Stored data
━━━━━━
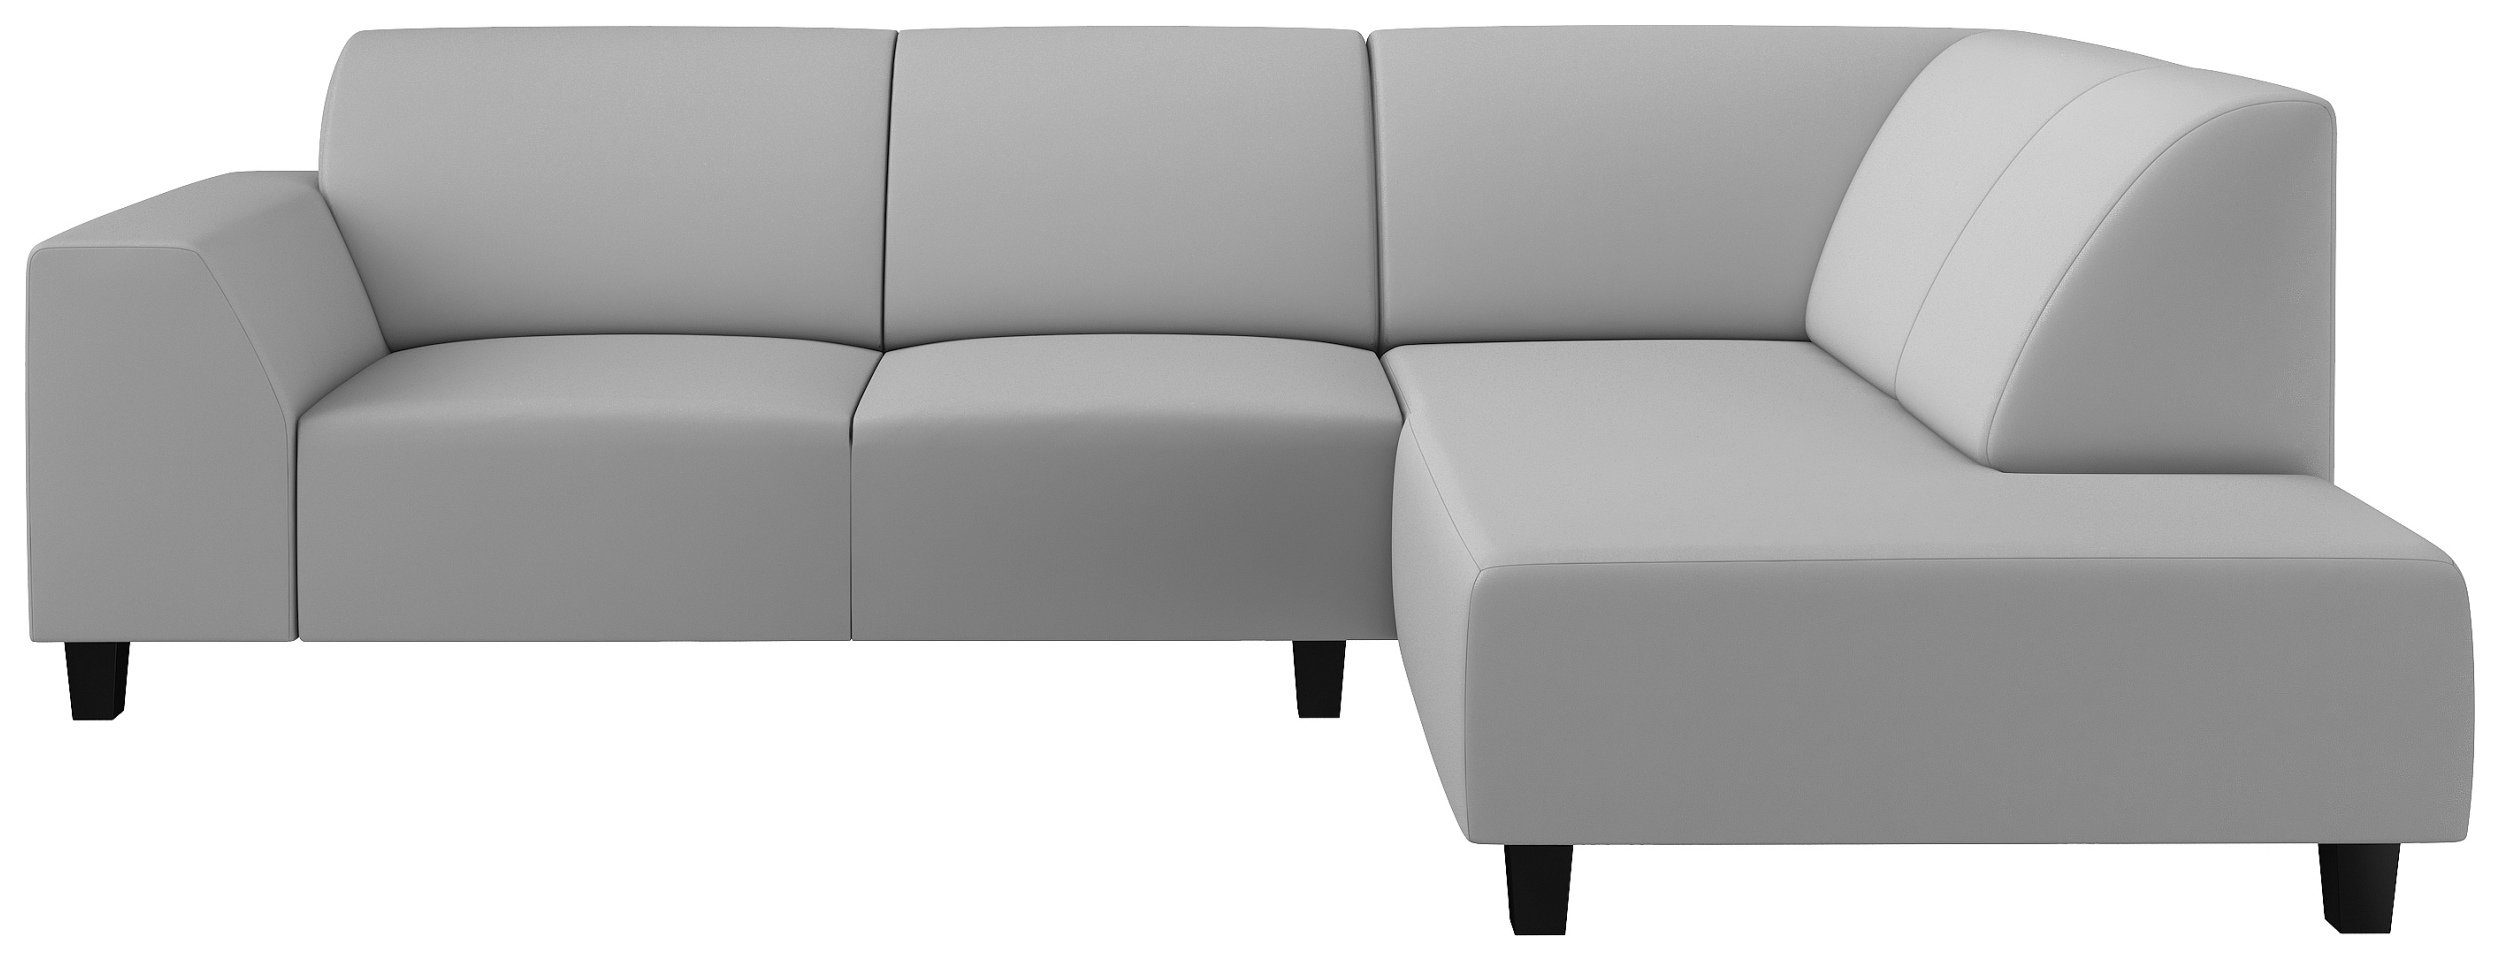 Stylefy Ecksofa oder Eckcouch, Einar, stellbar, rechts mit frei bestellbar, Modern Design, Rückenlehne Sitzkomfort, im Raum links mane L-Form
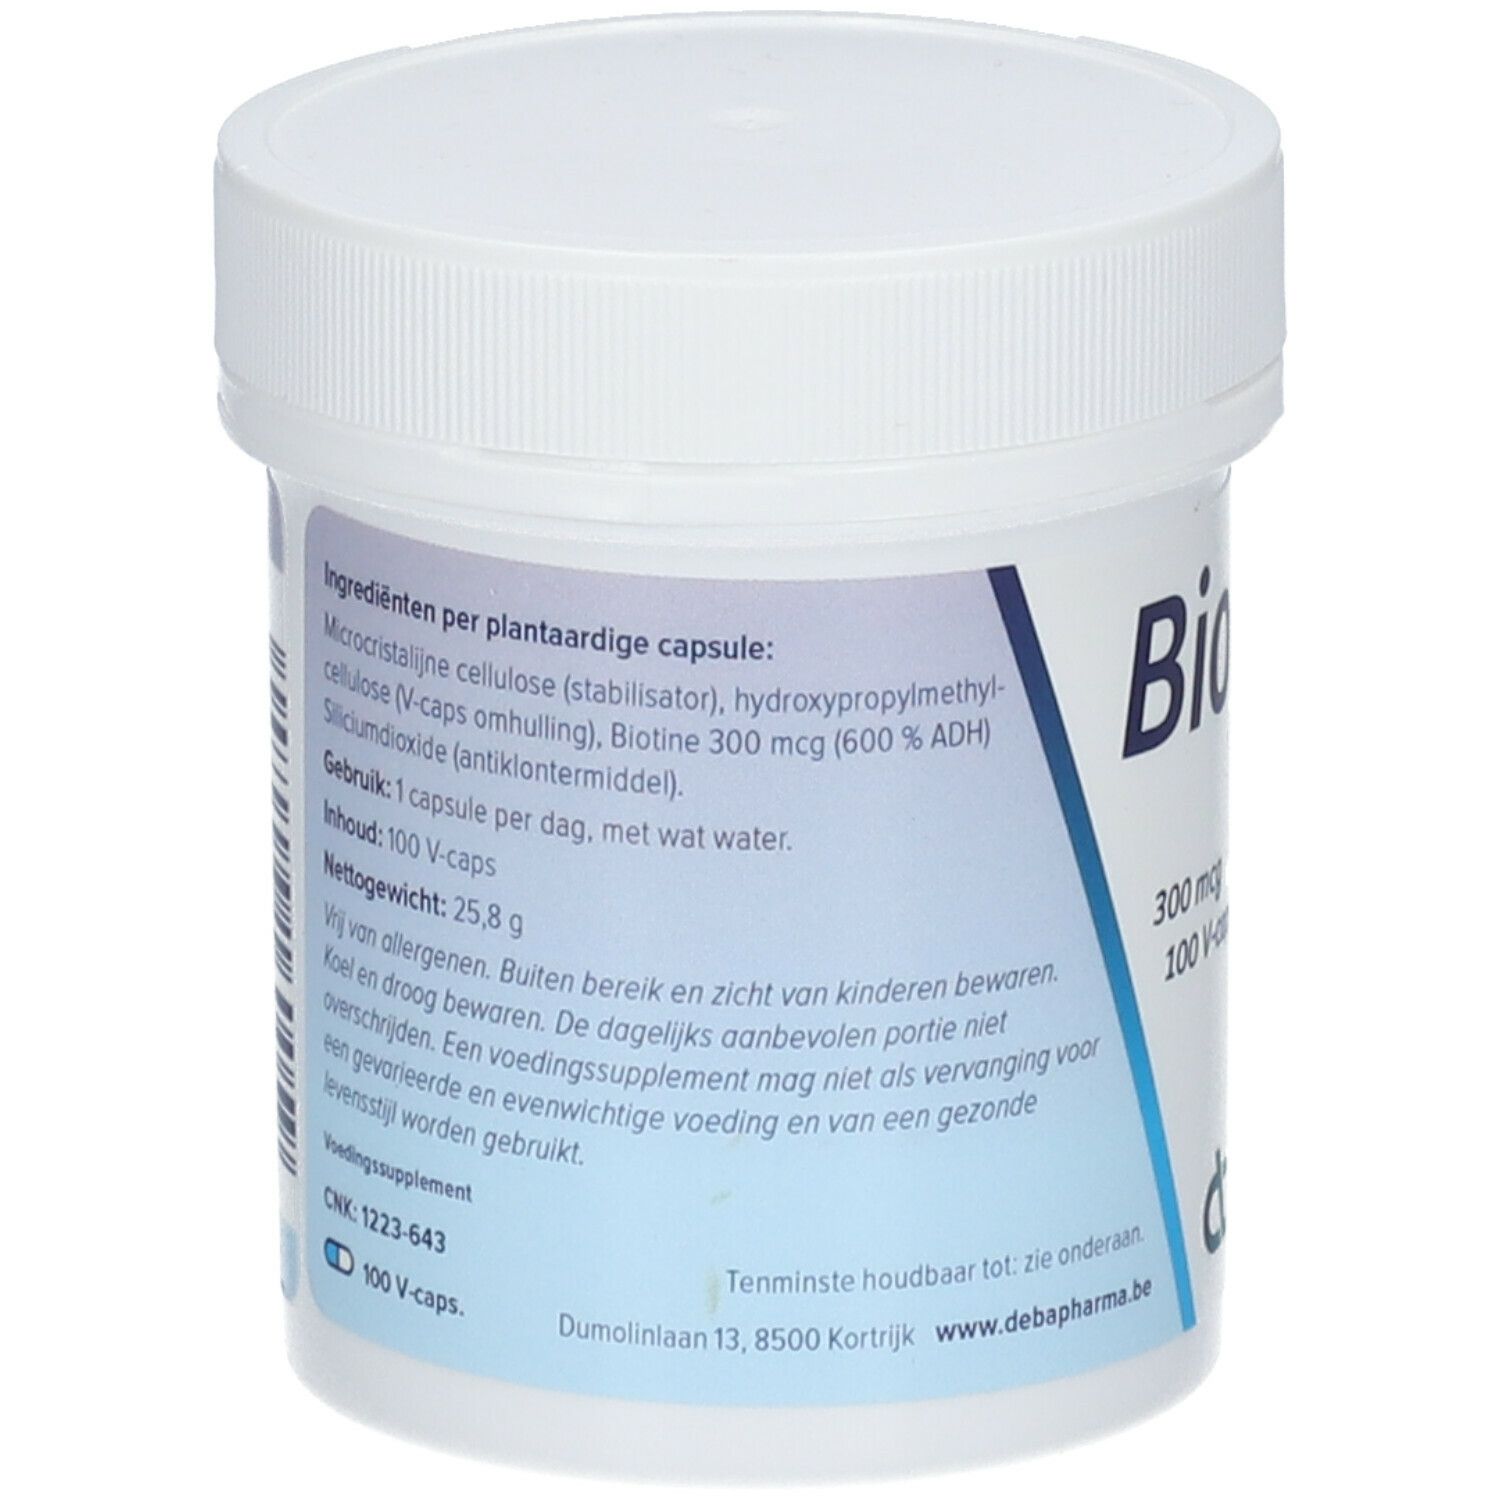 DeBa Pharma Biotine 300 µg
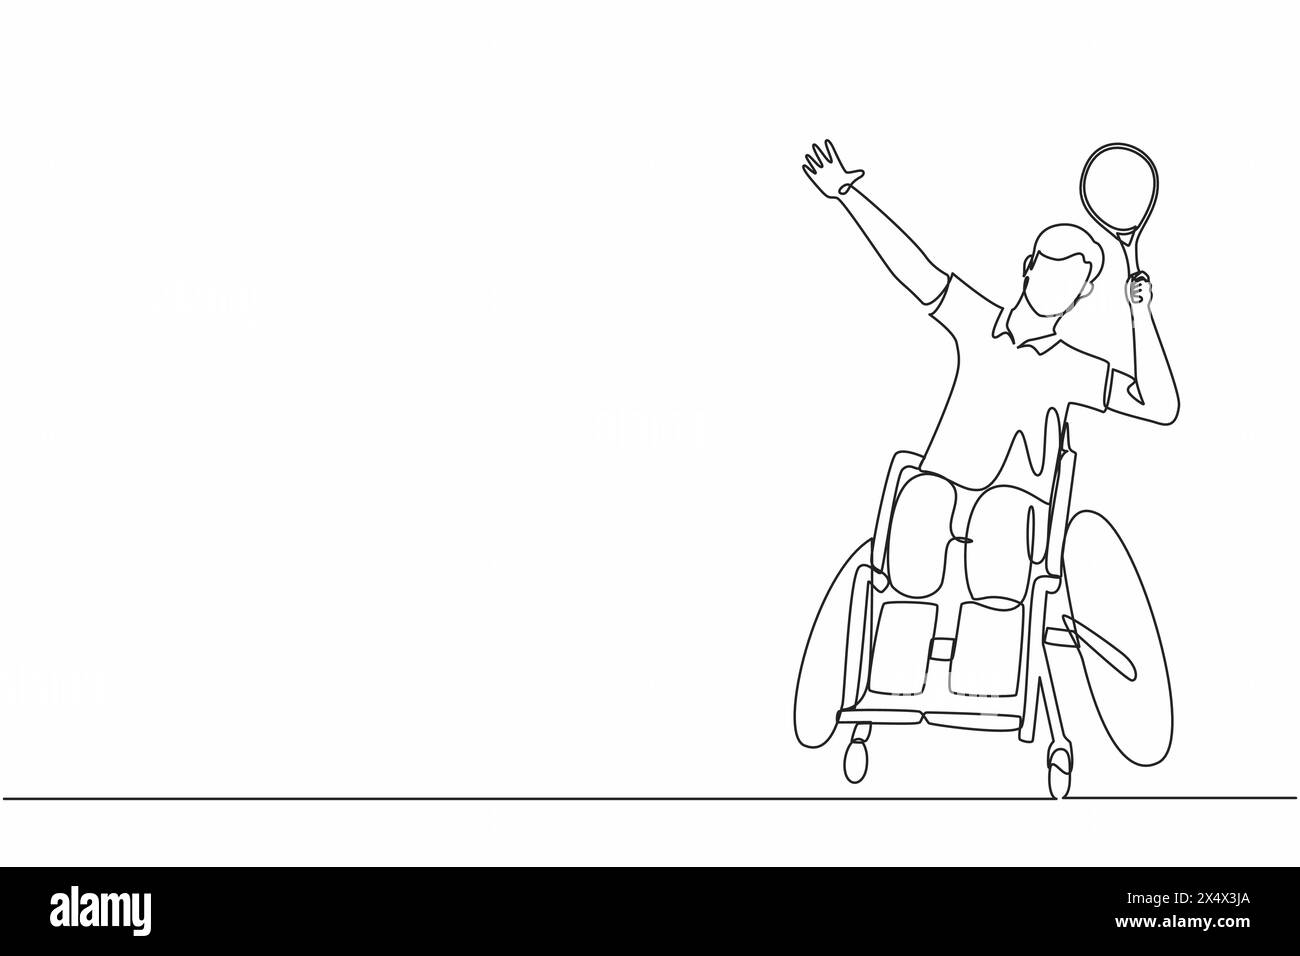 Joueur de badminton dessinant une seule ligne continue assis sur un fauteuil roulant avec une posture de smash. Les sportifs handicapés portent un uniforme, jeune homme amputé sport compe Illustration de Vecteur
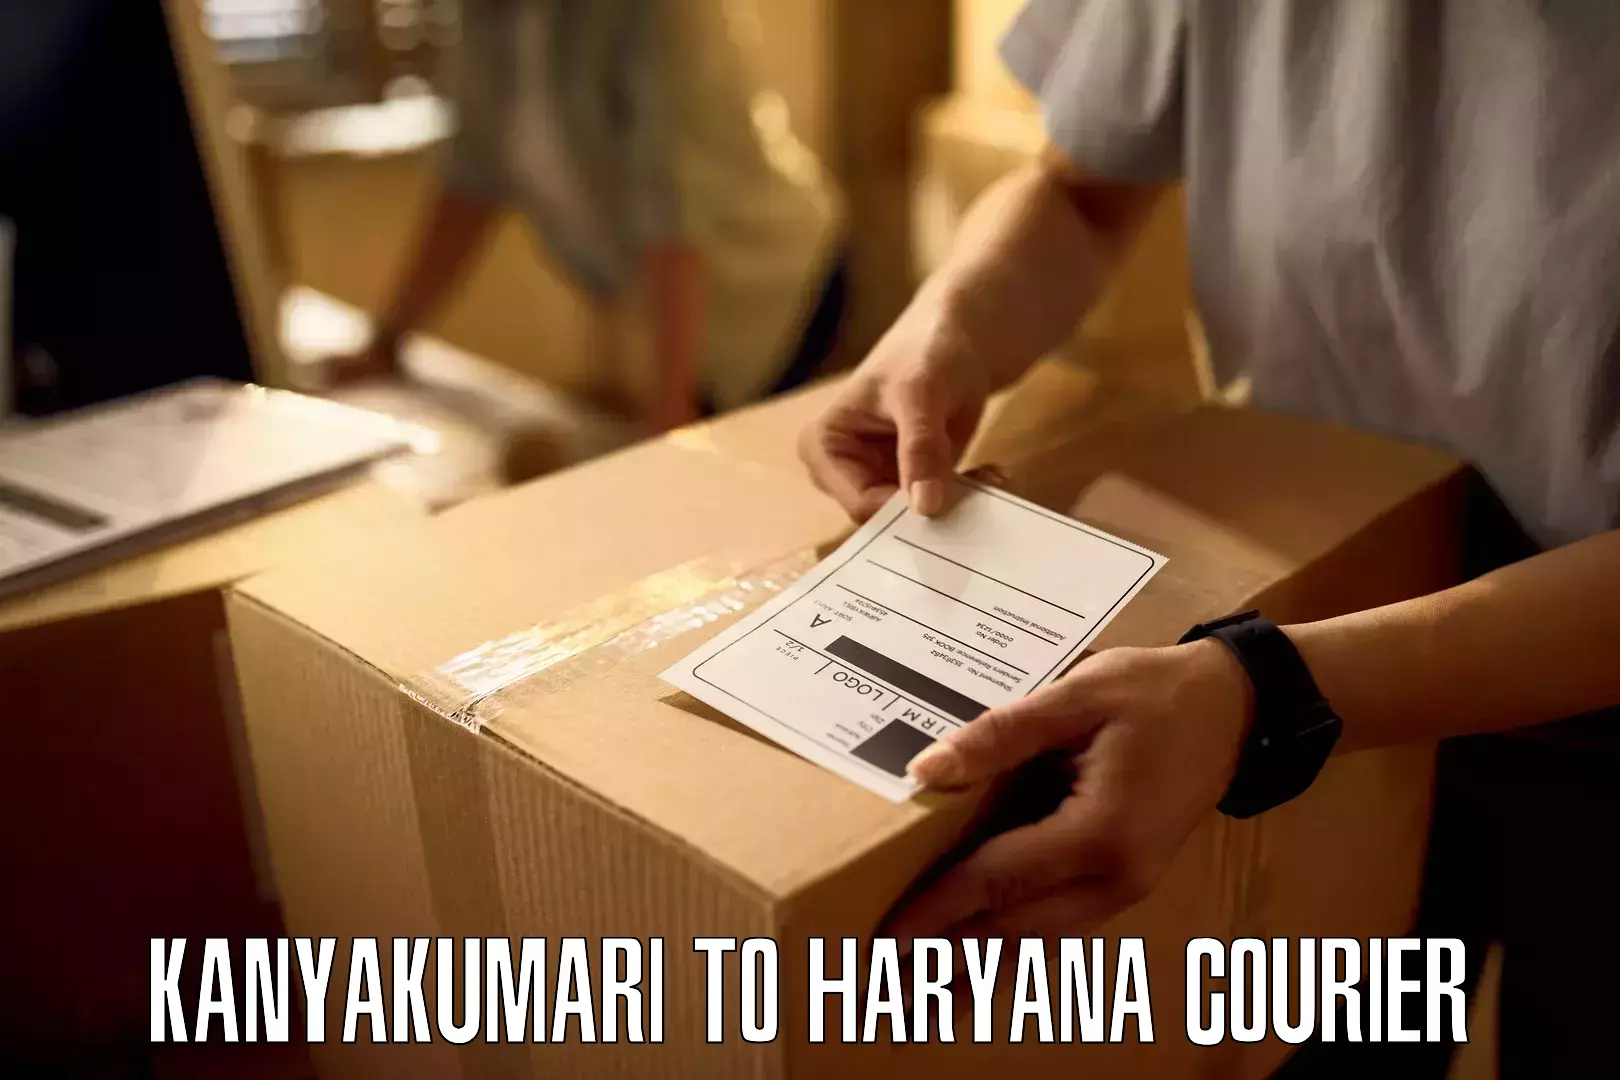 Next-day delivery options Kanyakumari to Pataudi
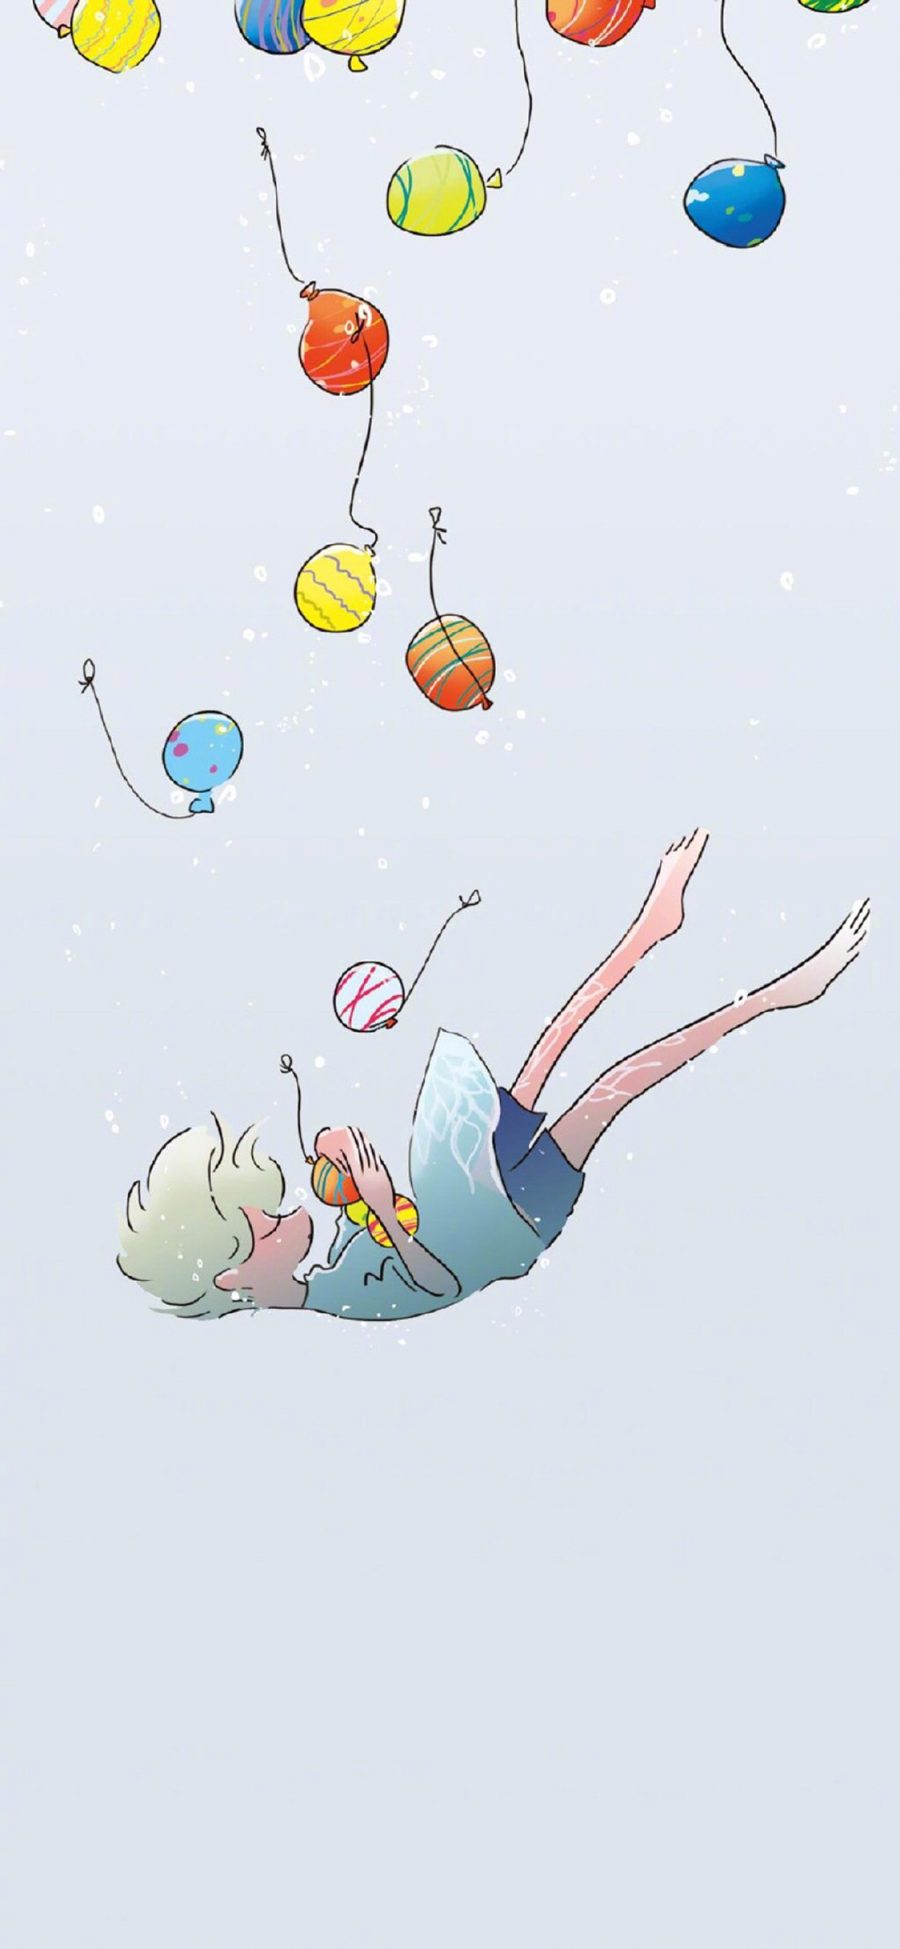 [2436×1125]插图 卡通 男孩 气球 苹果手机动漫壁纸图片
━━━━━━
* ABOUT THIS EXERCISE: Pictures excluded, print only the lines from the one with "Next-day delivery options" through the end of the entries above, exactly as written.

* OUTPUT OF THE EXERCISE:
 Next-day delivery options Kanyakumari to Pataudi
 [2436×1125]插图 卡通 男孩 气球 苹果手机动漫壁纸图片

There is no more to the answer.